> The task
Write out, word for word, every line in the data below from the one containing "Walter Talboom" to the one containing "Haunted 3D 2011", both of them included.

─── Data for this task

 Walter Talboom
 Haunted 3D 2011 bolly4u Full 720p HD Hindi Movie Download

──────
─── Data for this task

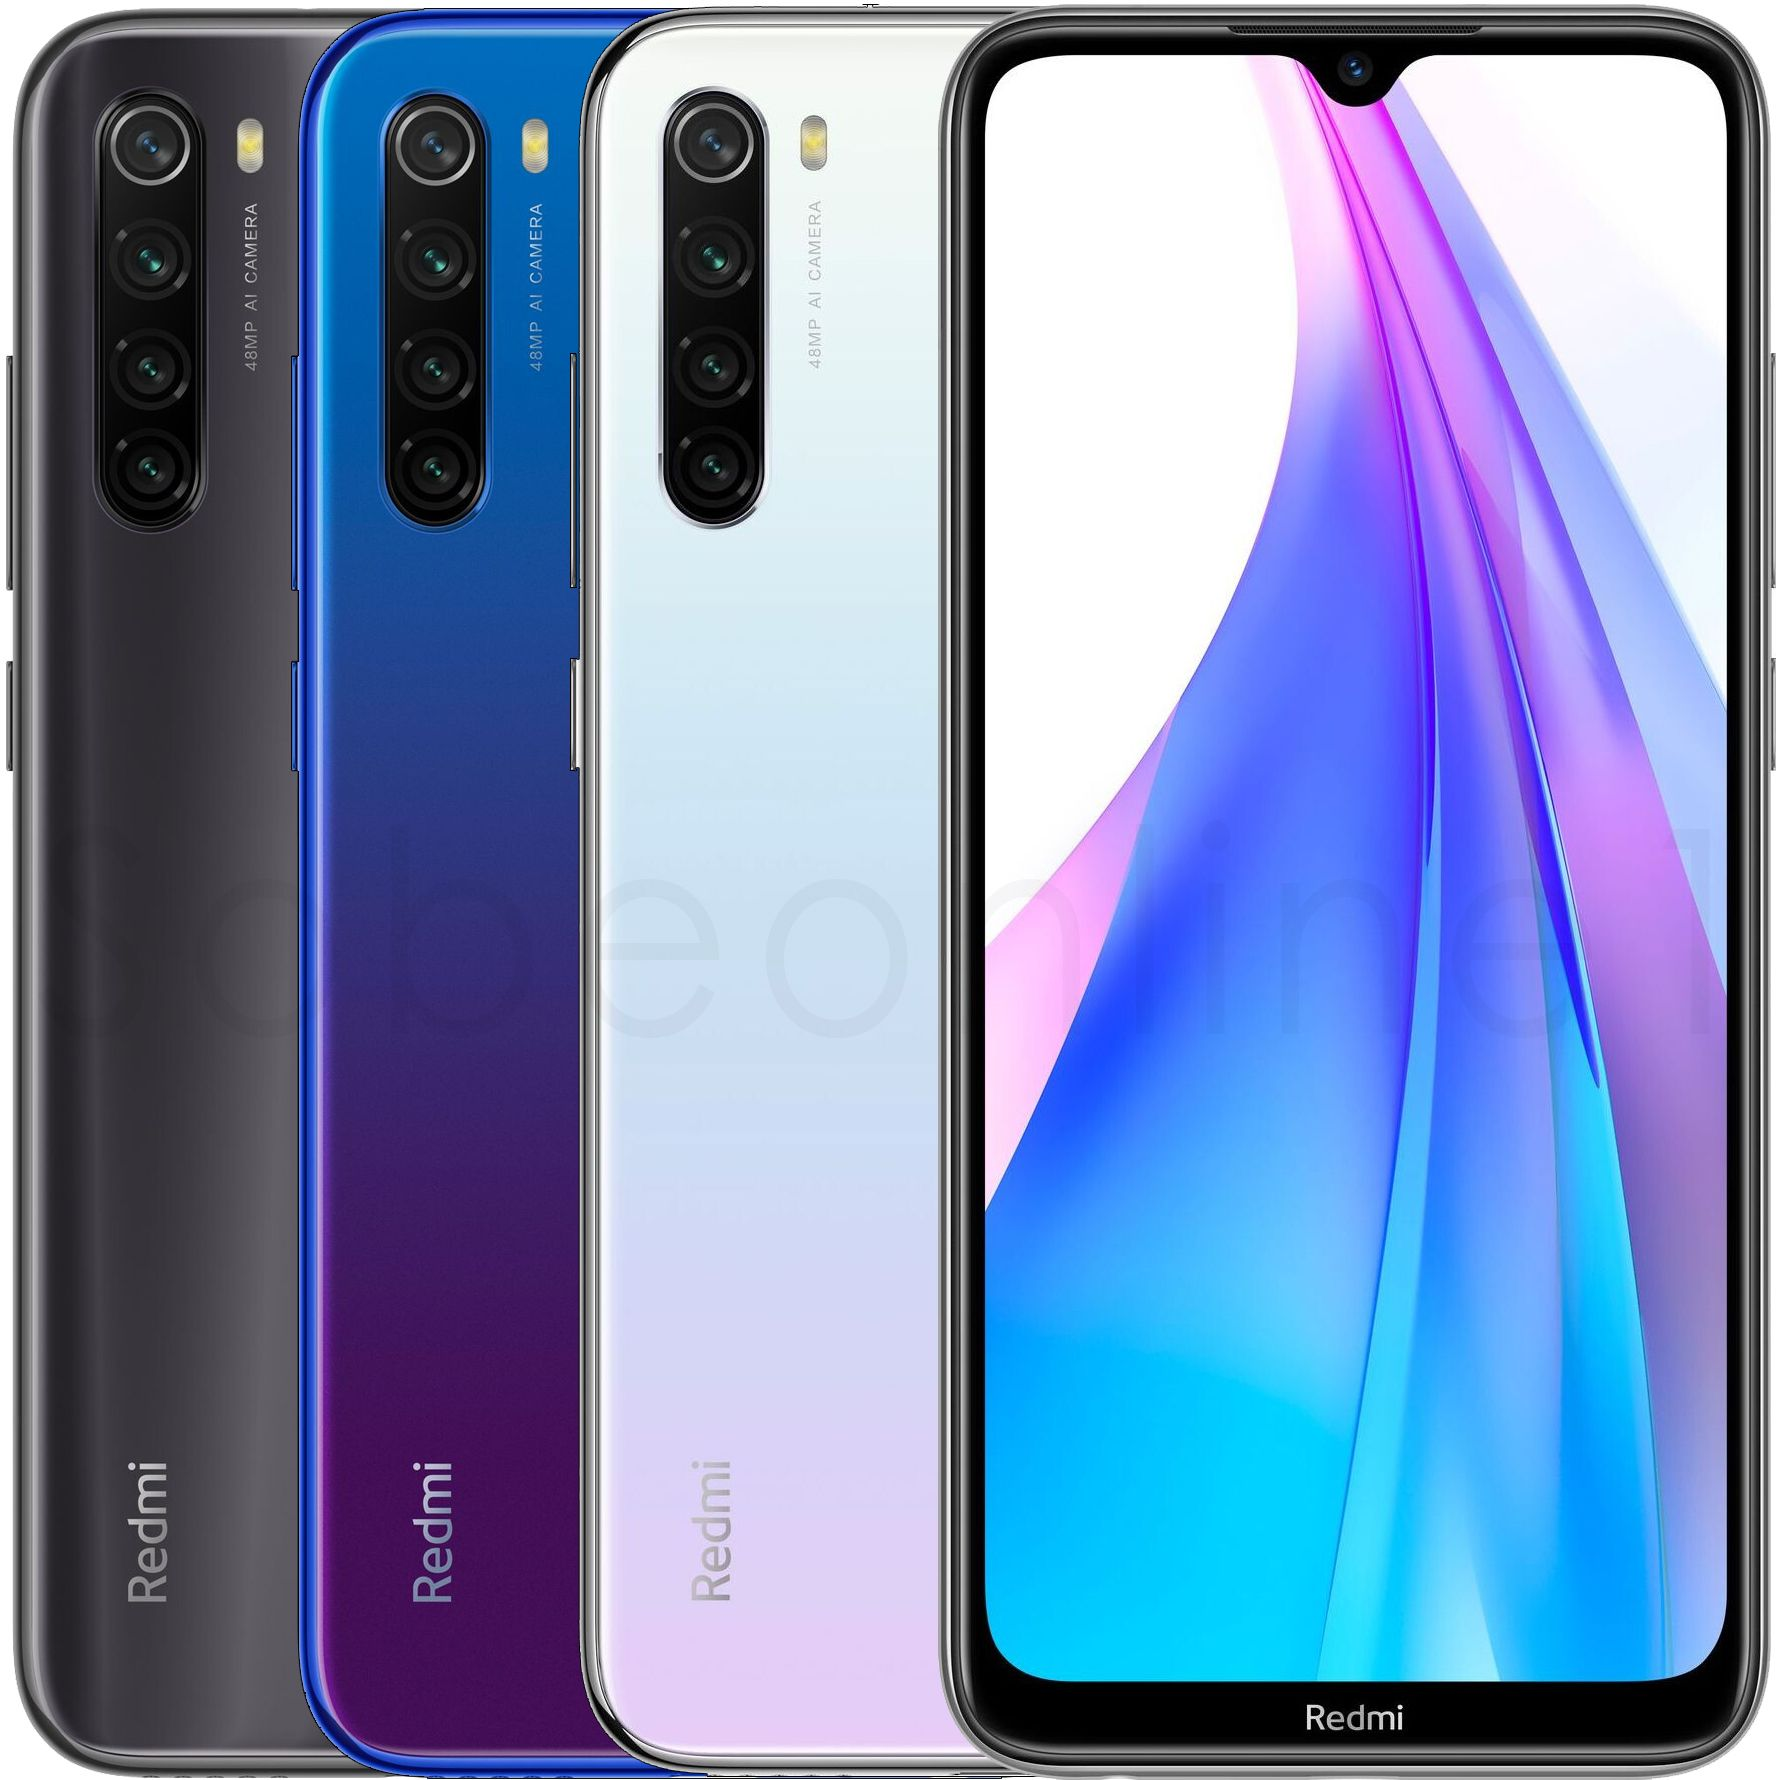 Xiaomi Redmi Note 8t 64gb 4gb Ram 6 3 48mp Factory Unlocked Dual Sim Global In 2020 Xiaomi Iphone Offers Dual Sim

──────

> Output
 Walter Talboom
 Haunted 3D 2011 bolly4u Full 720p HD Hindi Movie Download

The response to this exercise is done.